Lohan’s fall is tragic. It’s also hilarious, if, like me, you’re an awful person. As a connoisseur of trash, I am grateful for things like Liz & Dick, Georgia Rule, and I Know Who Killed Me, none of which would have been made had she embraced her destiny as a modern day Lucille Ball. Now, watching a face calcifying from plastic surgery, listening to a voice ravaged by cigarettes, and absorbing a performance crippled by hacky outbursts and Walken-esque pauses, I wonder if she was ever the star we thought she was. It’s impossible to know, but one thing I can say: Don’t watch The Canyons. That movie is terrible.
Lohan brings her unique blend of stone-faced acting, demerol energy, and disturbing anti-charisma to Liz Taylor, a woman so charismatic and vital she effortlessly seduced men into her dotage despite looking like Lucille 2. Liz & Dick tells the story of the tempestuous romance between Taylor and noted drunk who acted a bit Richard Burton (Grant Bowler, prompting one to ask, was Richard Roxburgh too expensive?). The story begins on the set of famous flop Cleopatra, when, despite both stars being married, they nearly instantly begin having the kind of sex only big time Hollywood stars are capable of. Not that you could tell from Lohan, who looks like she’s wearing a mask of herself.

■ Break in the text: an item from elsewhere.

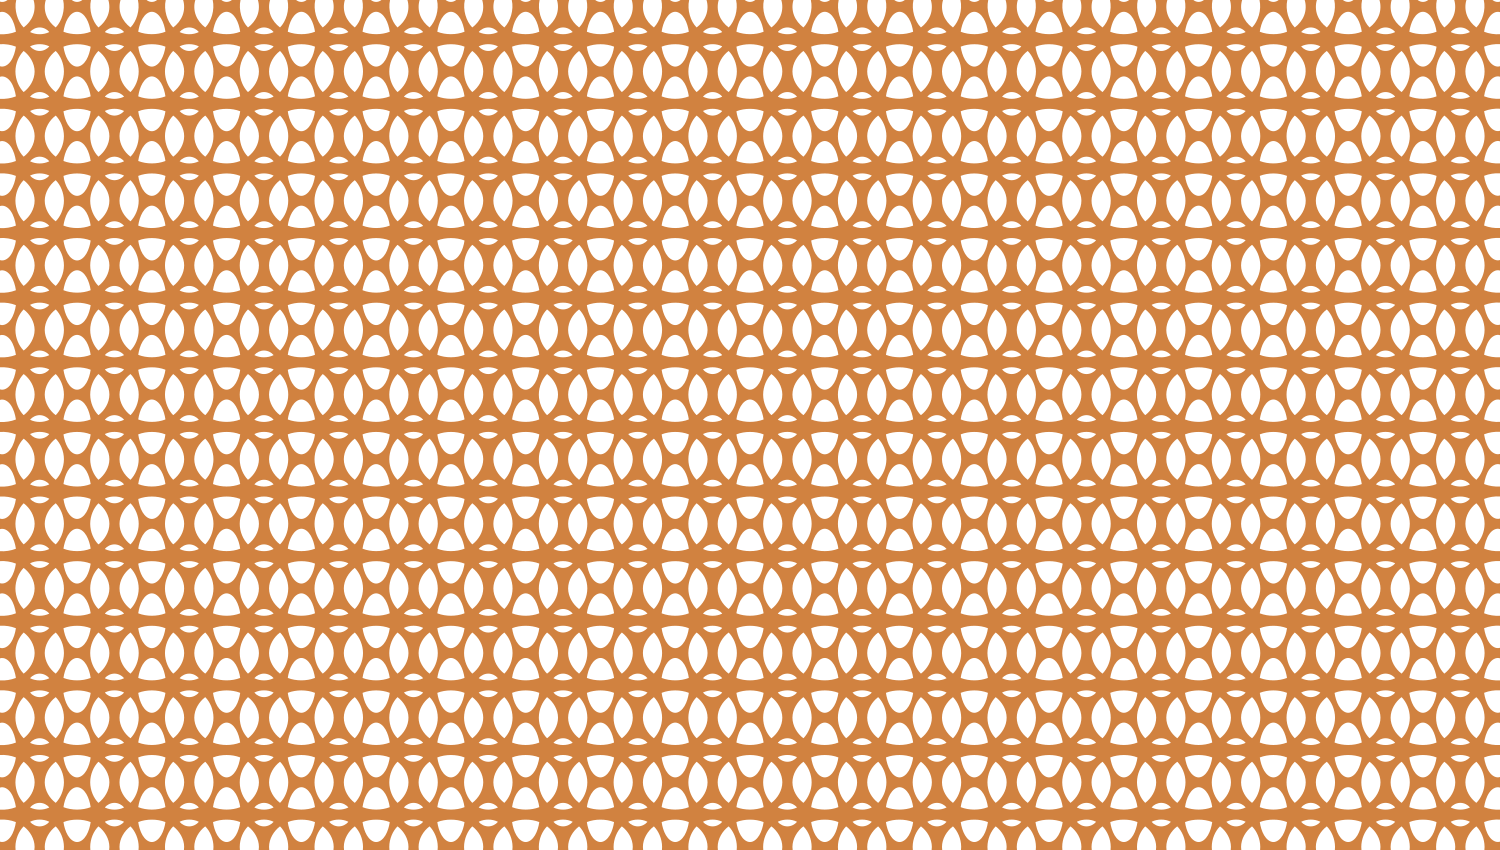 Parasoleil™ Julius© pattern displayed with a ochre color overlay

The movie is also painfully aware of who it stars. While the paparazzi were an essential part of the real story, it’s impossible to ignore the fact that this is about the first tabloid fodder starring one of the most notable paparazzi burnouts in recent memory. I think it’s supposed to be a joke when one character is forced to explain what the paparazzi are to another character. That’s the problem with bad movies: when they become self-aware, they become less fun.
It’s tough to do a love story about two of the most glamorous people on the planet on a Lifetime movie budget. This movie features a level of compositing I haven’t seen since Wayne and Garth strolled along the fake streets of Delaware desperately trying to come up with the state’s stereotypes. There are numerous shots of Liz and Dick in “Italy,” but it’s totally just someone’s backyard. I wish they’d just run with it, and had them at the bottom of an active volcano, or riding some dolphins to safety, or stuck in the middle of a Hong Kong heroin deal.
The arty part I alluded to earlier is a bizarre choice of framing device. For a story like this one, a framing device isn’t a terrible idea on the surface. It’s unlikely most audiences are up for the Soderberghian technique of just throwing scenes in rough chronological order and expecting everyone to keep up. In this case, it features the two stars, all in black, on a black stage, each sitting side-by-side in director chairs. They offer occasional commentary on what’s going on, and are you fucking kidding me? Seriously, think about the madness required to think that was a good idea. Lohan never met a line she couldn’t mutter in a bored monotone, now she gets to act as her own Greek Chorus. It’s like Inception for idiots.
While it would be tempting to wrap everything up with a meditation on the ephemeral nature of fame, and the way both Lohan and Taylor wrestled with it, this isn’t that kind of place. No way, no how. I”m finally getting around to one of the bad-movie cultural events of 2012, and here I am to say that it totally holds up. Or doesn’t hold up at all. Whatever is the one that makes you want to get a nice big cocktail, sit down, and watch Lifetime try to make an art movie.
So what did we learn? Don’t date that cad Richard Burton.